Data in this exercise below:
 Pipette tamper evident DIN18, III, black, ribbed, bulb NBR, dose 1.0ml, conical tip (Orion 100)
End of Data in this exercise.
Data in this exercise below:
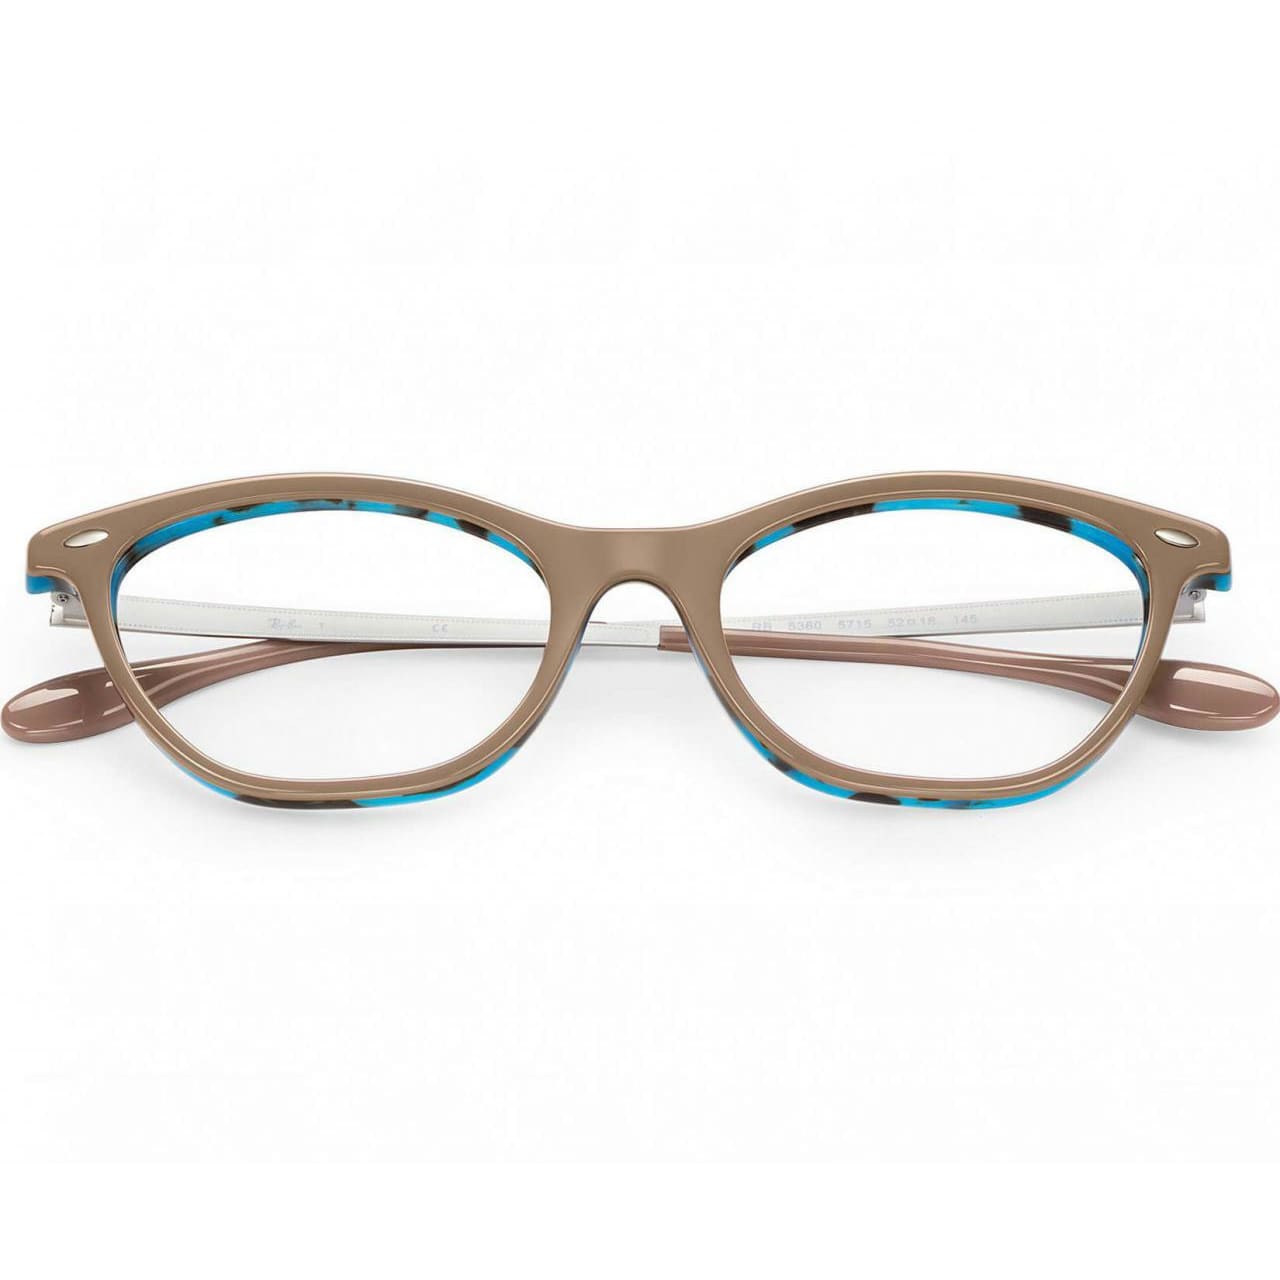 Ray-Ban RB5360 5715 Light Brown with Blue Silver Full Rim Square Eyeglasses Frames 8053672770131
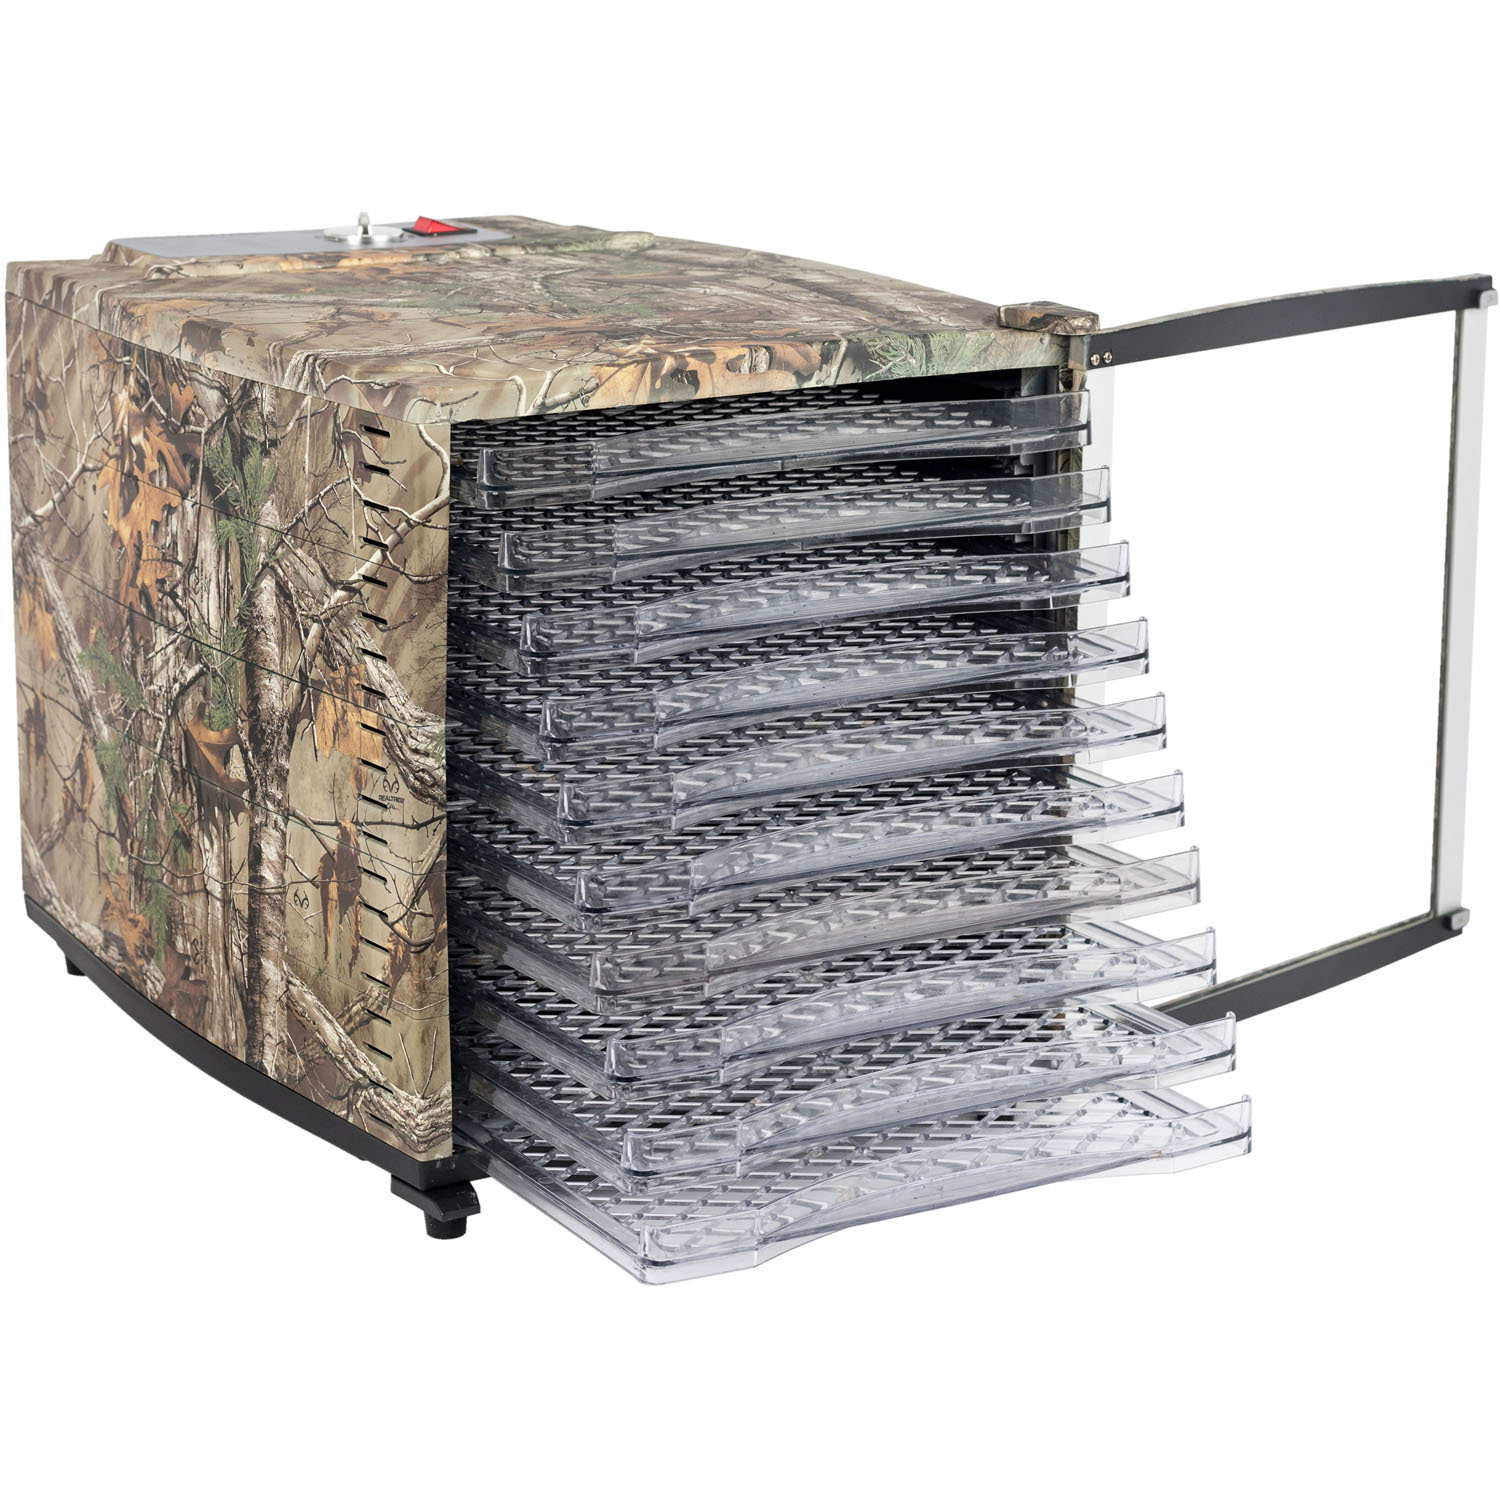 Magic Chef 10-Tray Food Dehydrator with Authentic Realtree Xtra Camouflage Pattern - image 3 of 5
End of Data in this exercise.
- Task objective -
Using the entries above, reproduce word for word only the lines from the one that contains "Ray-Ban RB5360 5715" to the one that contains "Magic Chef 10-Tray", both ends included, and drop every picture.

- Result of this exercise -
 Ray-Ban RB5360 5715 Light Brown with Blue Silver Full Rim Square Eyeglasses Frames 8053672770131
 Magic Chef 10-Tray Food Dehydrator with Authentic Realtree Xtra Camouflage Pattern - image 3 of 5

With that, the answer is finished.